The copy you give must match the listing below exactly and contain no pictures.
━━━ DATASET SECTION ━━━
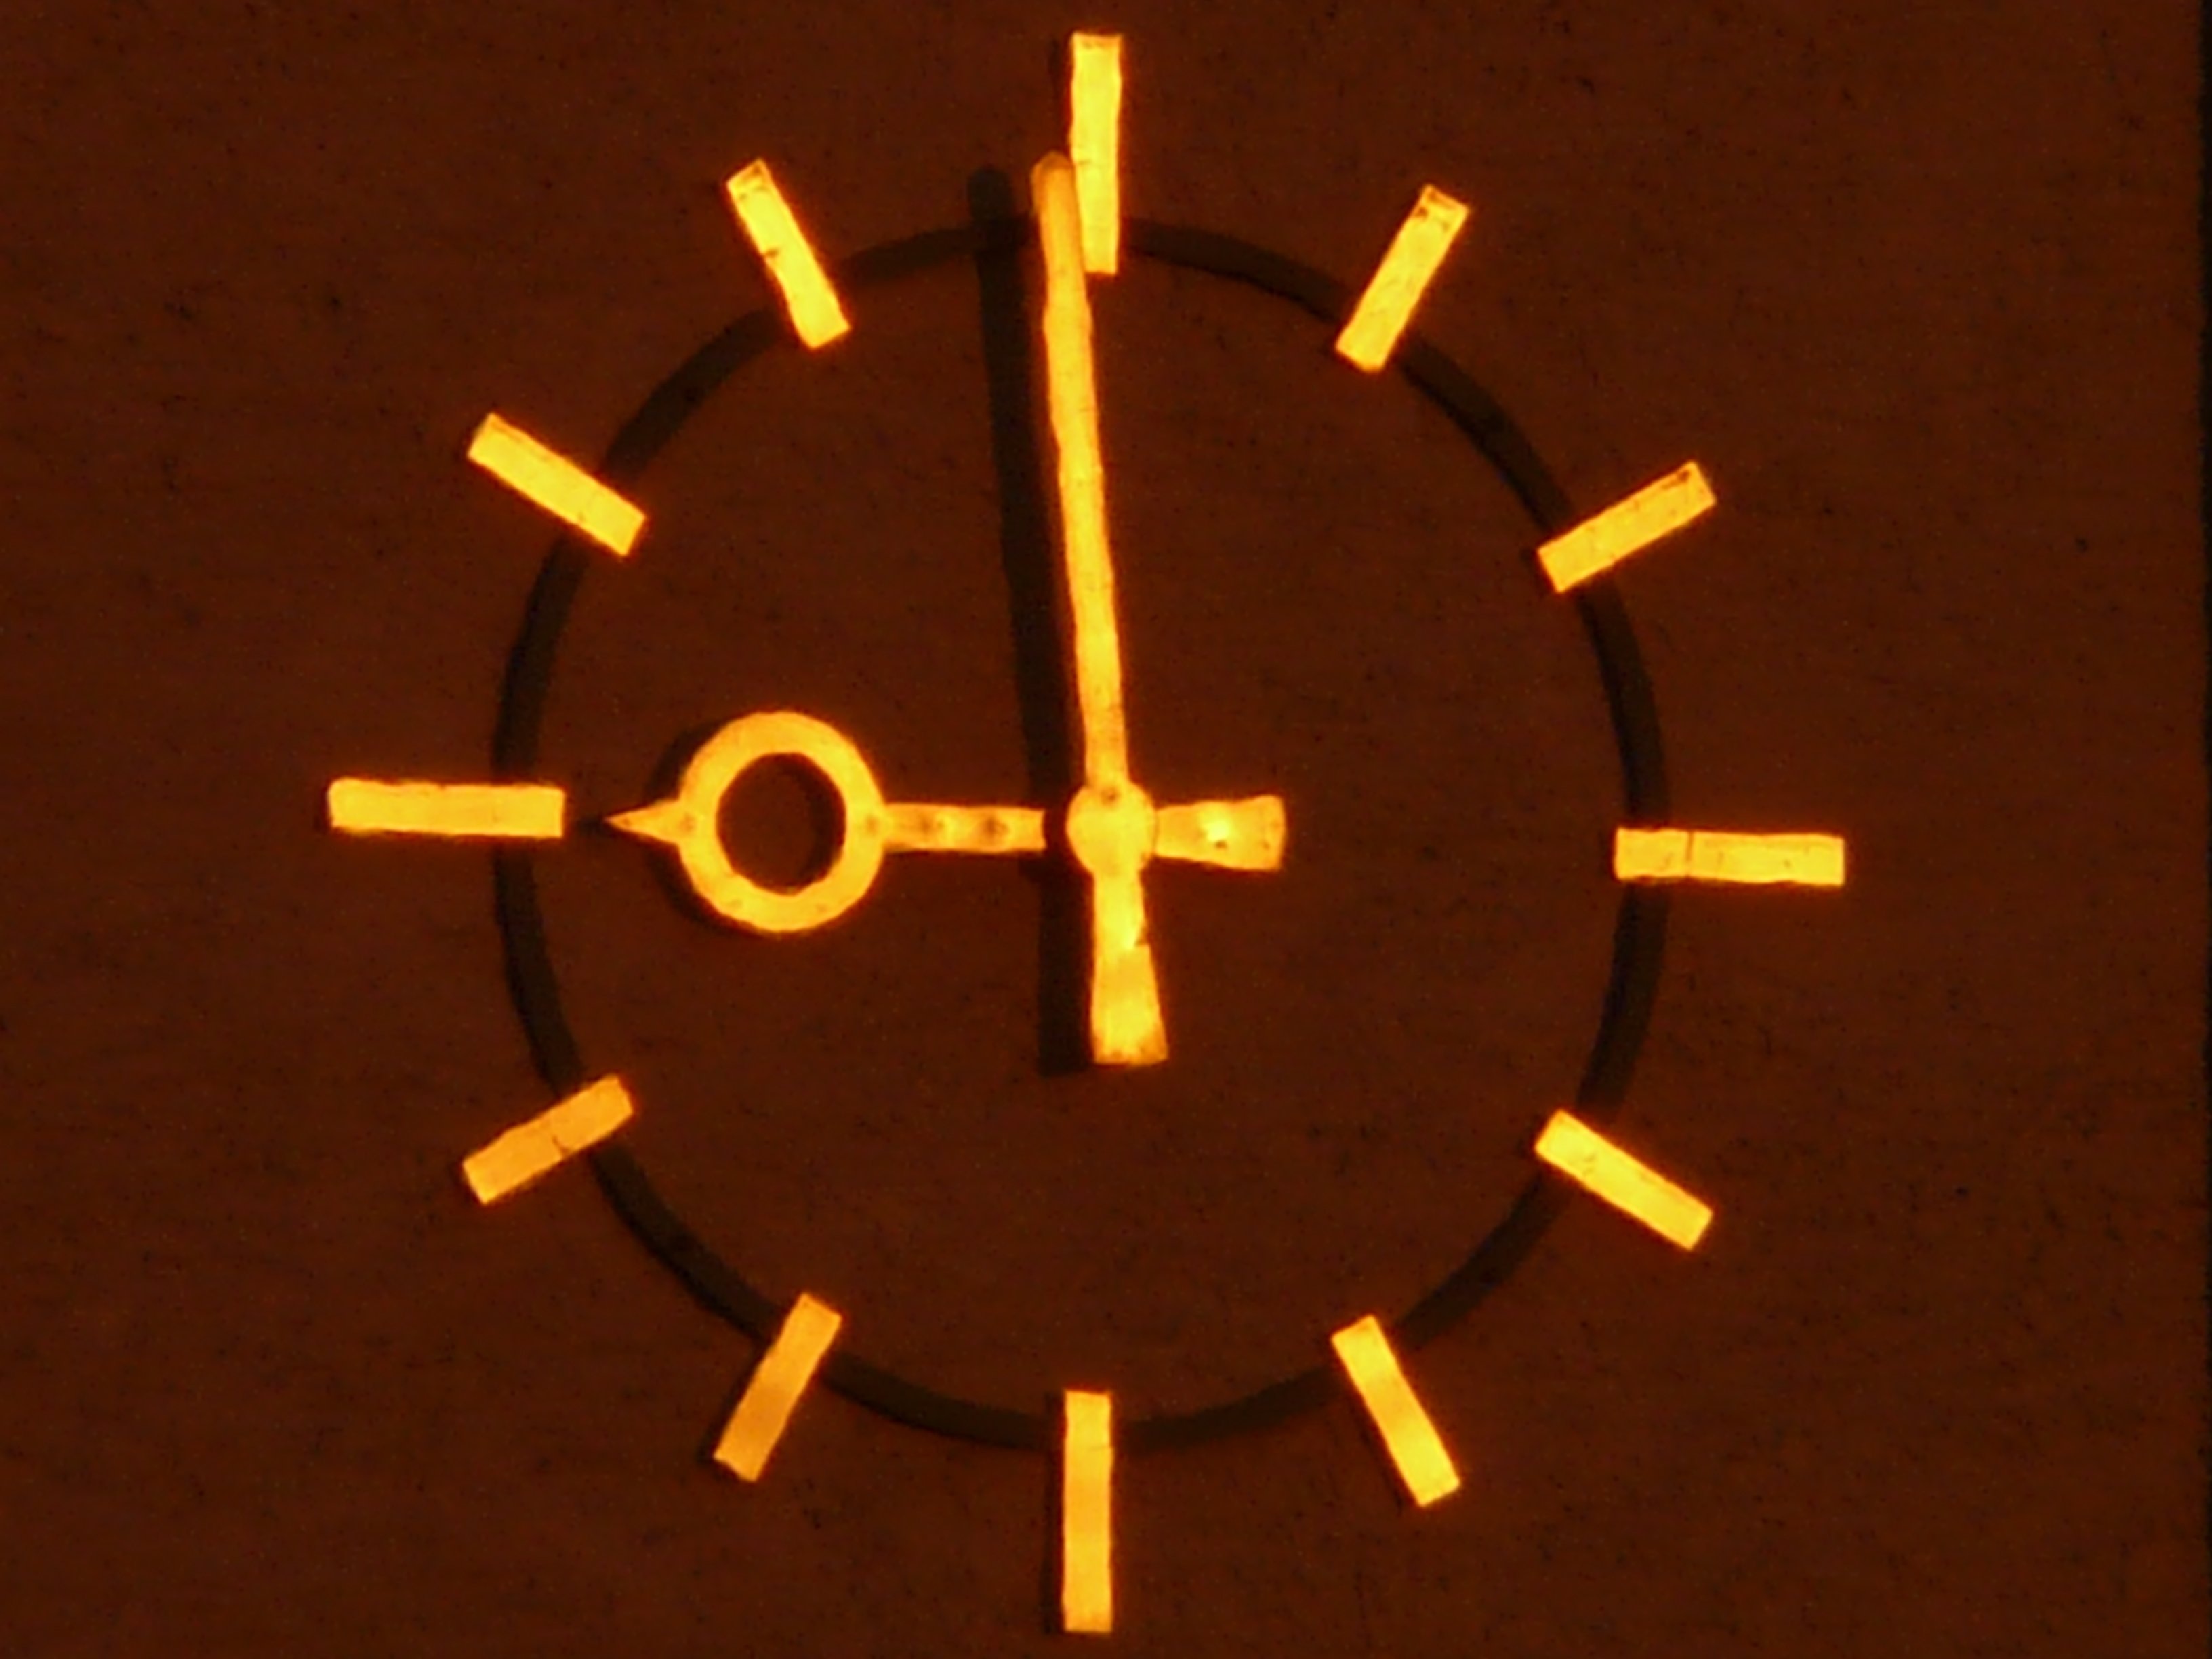 brown and black analog wall clock
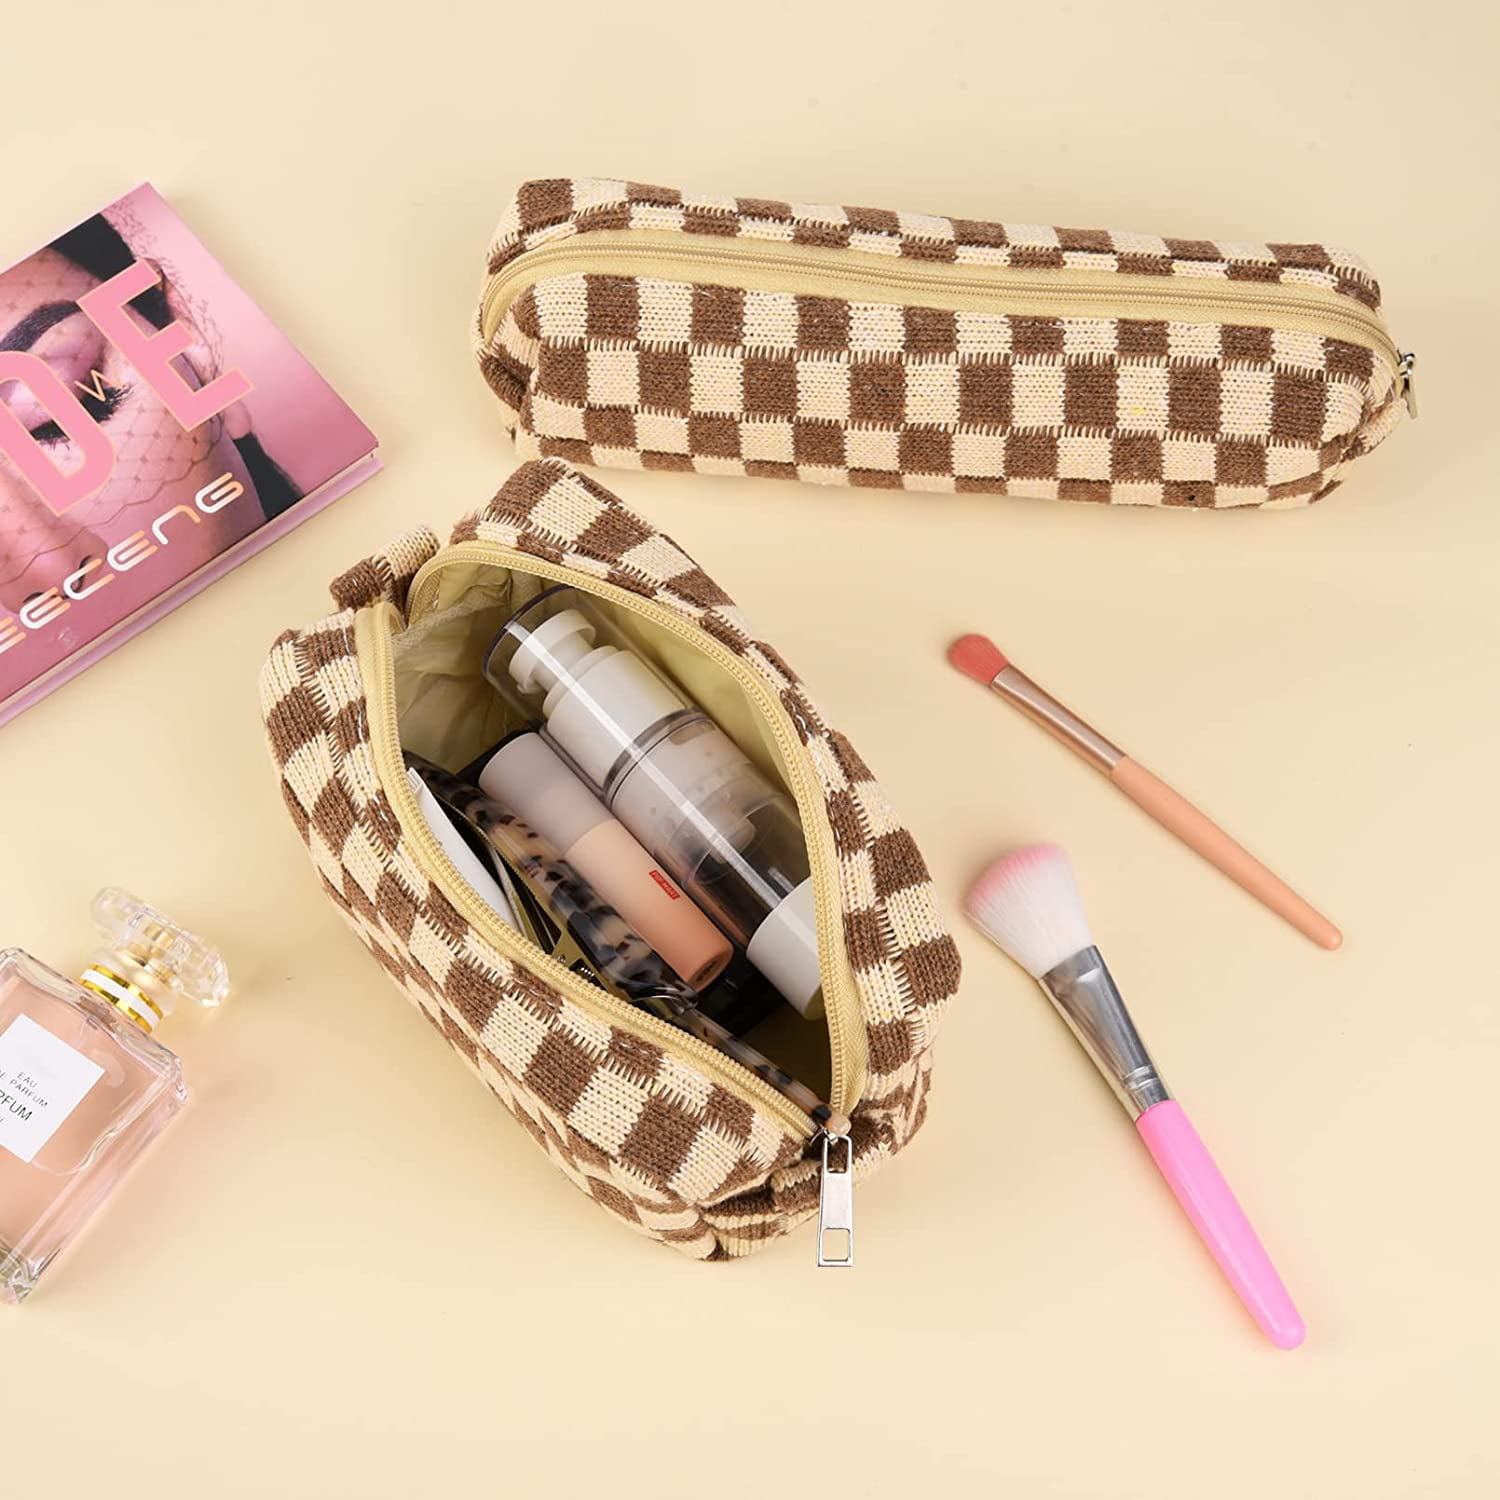 Lumento Black Checkered Makeup Bag,Travel Storage Cosmetic Bag,PU
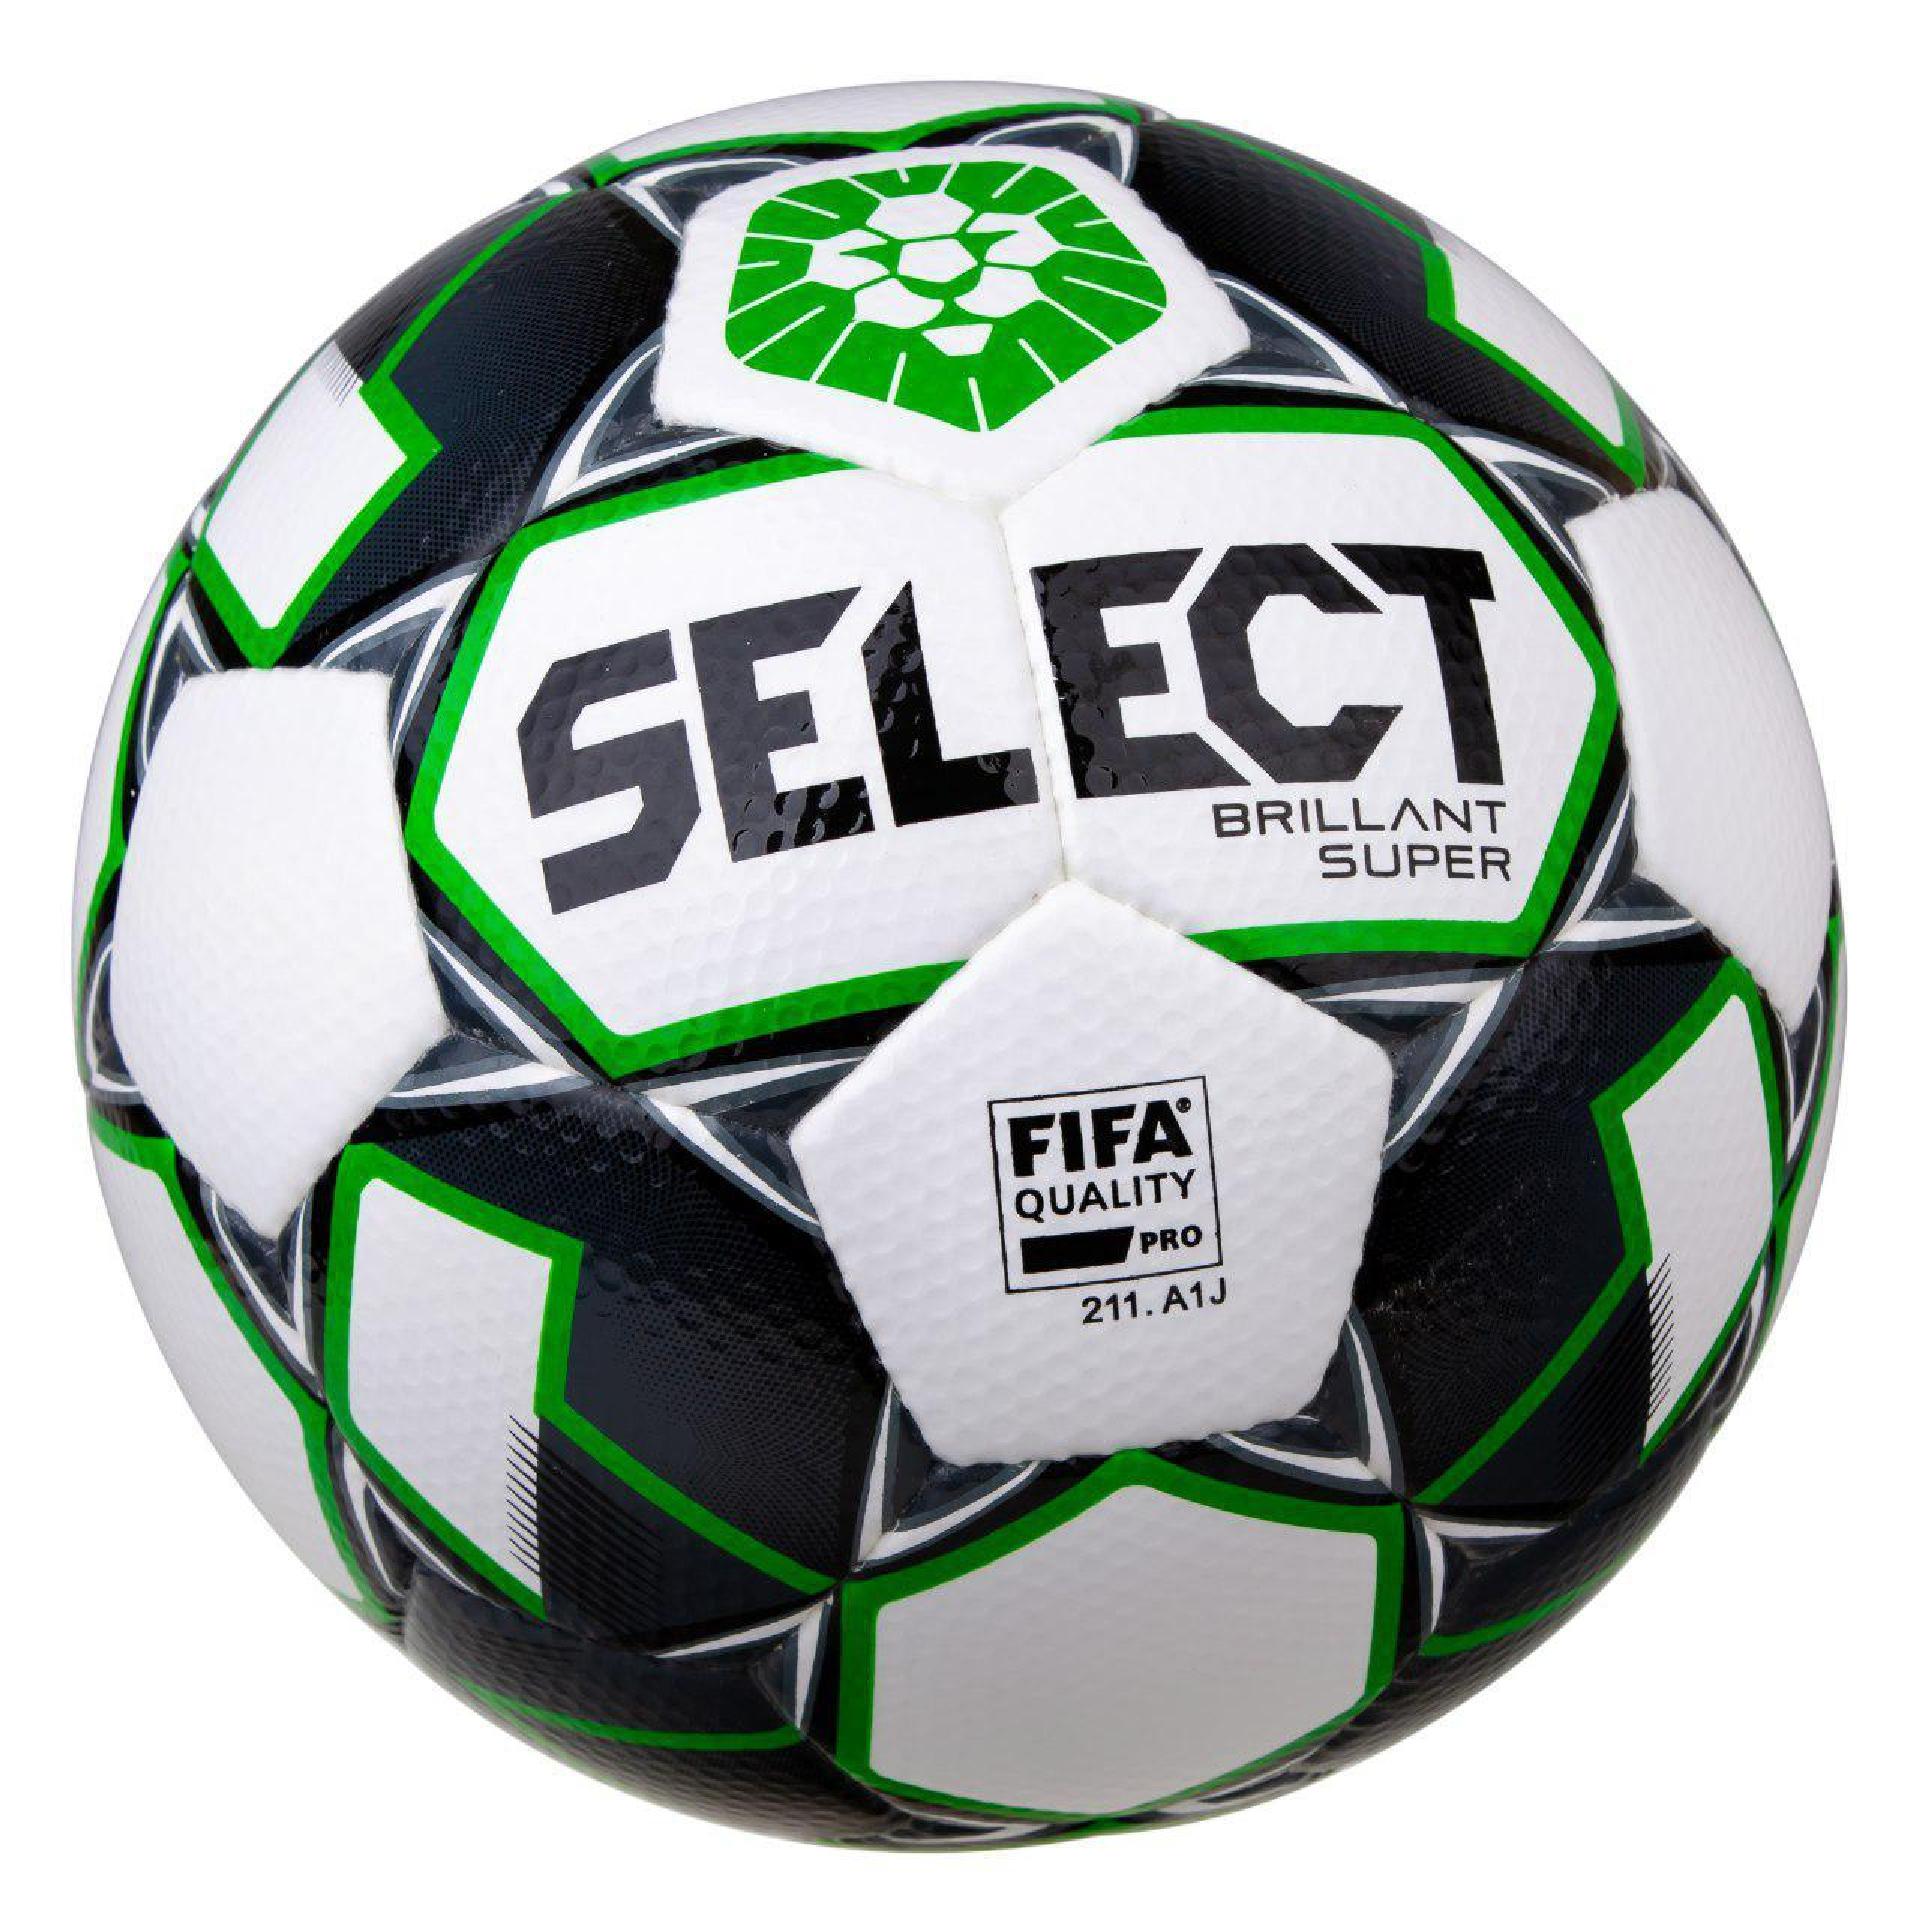 Мячи футбольные fifa quality pro. Select мяч FIFA brillant super Brilliant. Select brillant super TB, мяч футбольный ((001) бел/оранж/син, 5) 810316.001. 811322-001 Мяч select Brilliant super. Мяч футбольный select brillant super FIFA 2015.
━━━
**ANSWER SECTION**
 brown and black analog wall clock
 Lumento Black Checkered Makeup Bag,Travel Storage Cosmetic Bag,PU
 Мячи футбольные fifa quality pro. Select мяч FIFA brillant super Brilliant. Select brillant super TB, мяч футбольный ((001) бел/оранж/син, 5) 810316.001. 811322-001 Мяч select Brilliant super. Мяч футбольный select brillant super FIFA 2015.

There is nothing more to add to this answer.